The Shogun Warrior craze never really caught fire with me or my friends. Together we had a handful of the toys ... I remember a giant Dragun, another had a giant Godzilla and Gaiking and another had a Mazinga (the early version with the removable spaceship in the head). Together we had three or five of the small Shogun Warriors, there was my mid-size Raydeen and I had the Sky Arrow jet.
One interesting thing to note is that in the diecast toy offering there was the Liabe ... a spaceship which was featured in the Toho sci-fi epic "Message from Space" and a spaceship which has come to be known as the "Millennium Falcon of the Far East". How it became part of the Shogun Warrior collection is probably an interesting story.
The Shogun Warriors were hot stuff for a while before finally fading away to nothing in 1980. The toy line didn't have the staying power required to survive in the post-Star Wars era that 1977 to 1980 quickly became. Toys were quickly changing in the late years of the 1970's. Electronics were coming and computers were here. Interactive toys like Milton Bradley's Starbird and Big Trak did amazing things, had flashing lights and sounds that simple toys like the Shogun Warriors simply didn't. Also, like many other toys of the time, the Shogun Warriors line of toys were plagued with outrageous concerns for child safety based on children acting like total effing retards and shooting the shooty parts into their eyes, into the eyes of other children or shooting the shooty parts down their own throats and subsequently choking to death on the shooty parts (probably while the parents were in the other room playing Bridge or some other socially popular game at the time). Normally, we would just chalk that up to a good case of Darwin and a bad case of parenting but the outcry was enough from lazy parents that manufacturers had to remove the fun parts of the toys because a few total retards had ruined it for the rest of us kids. It was just more of the whole retarded liberal mindset that would continue to plague America in the years and decades to come ... the mindset where the needs of the few always outweigh the needs of the many.
If you want to know more about these toys, follow this link.

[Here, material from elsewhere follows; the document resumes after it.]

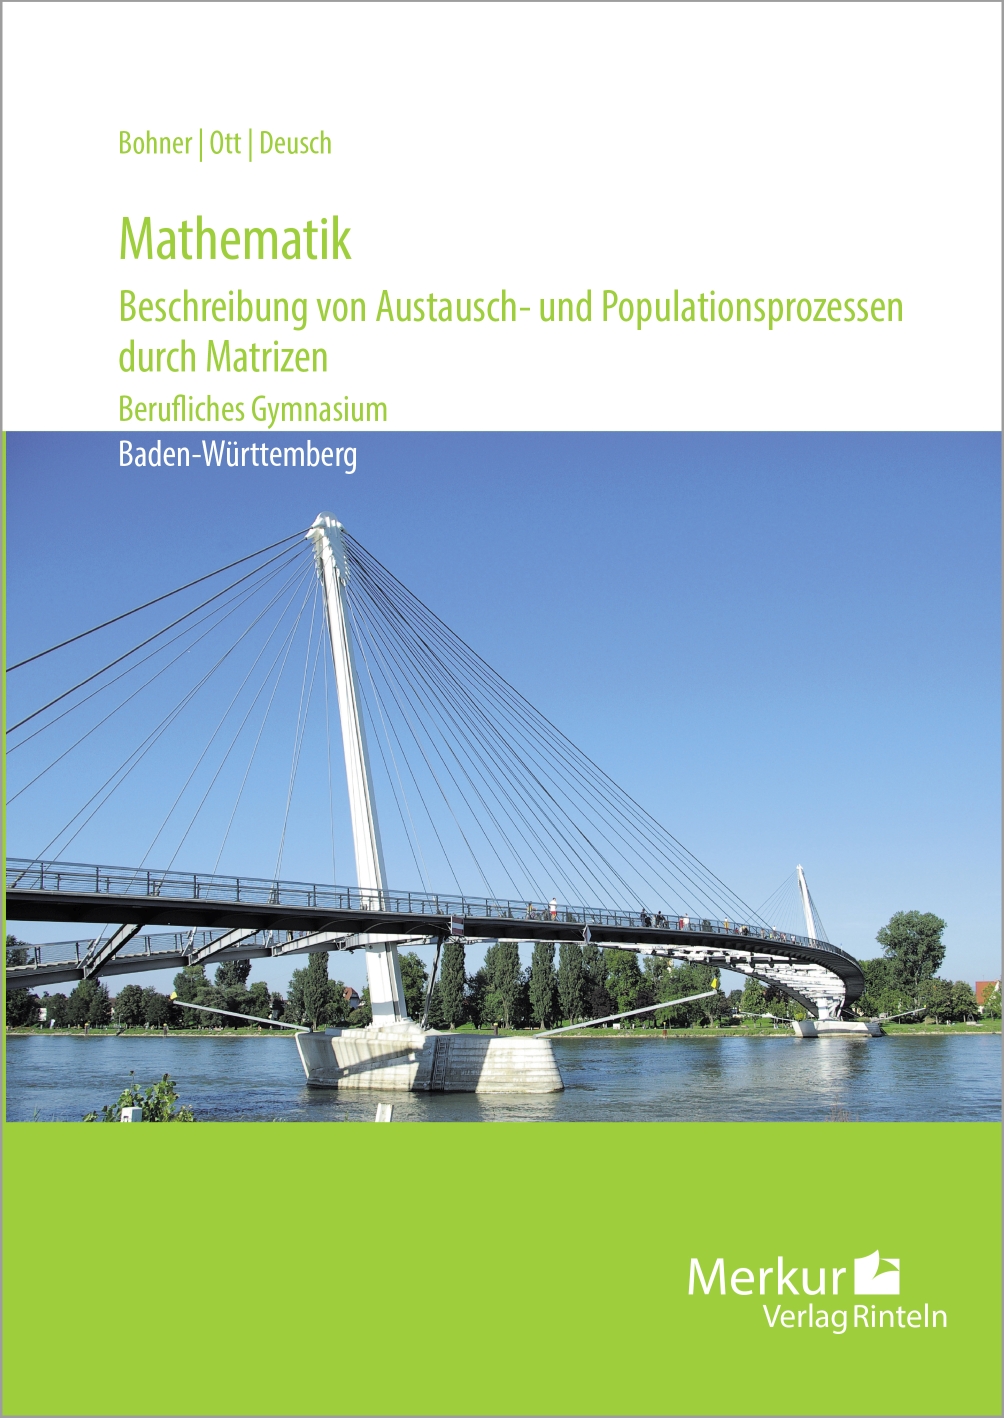 Mathematik - Beschreibung von Austausch- und Populationsprozessen durch Matrizen - Berufliches Gymnasium

I no longer have Raydeen but I have some really good memories of that toy. Even though I don't remember it, I'm sure that Raydeen was eventually decommissioned and sold to a private firm after which I have no idea what happened to him. And by being decommissioned I mean that he had a dollar fifty price tag stuck to him one Saturday morning at my parents' annual garage sale and Raydeen went home with another child ... hopefully he had a few more adventures in him. I hope to God he still had some adventures left in him and that he didn't wind up as a frequent, dress wearing guest at some little girl's tea party before he ultimately met the
sad fate that most toys of childhood eventually face but for a while
Raydeen was mine and while he was mine he was nothing short of awesome!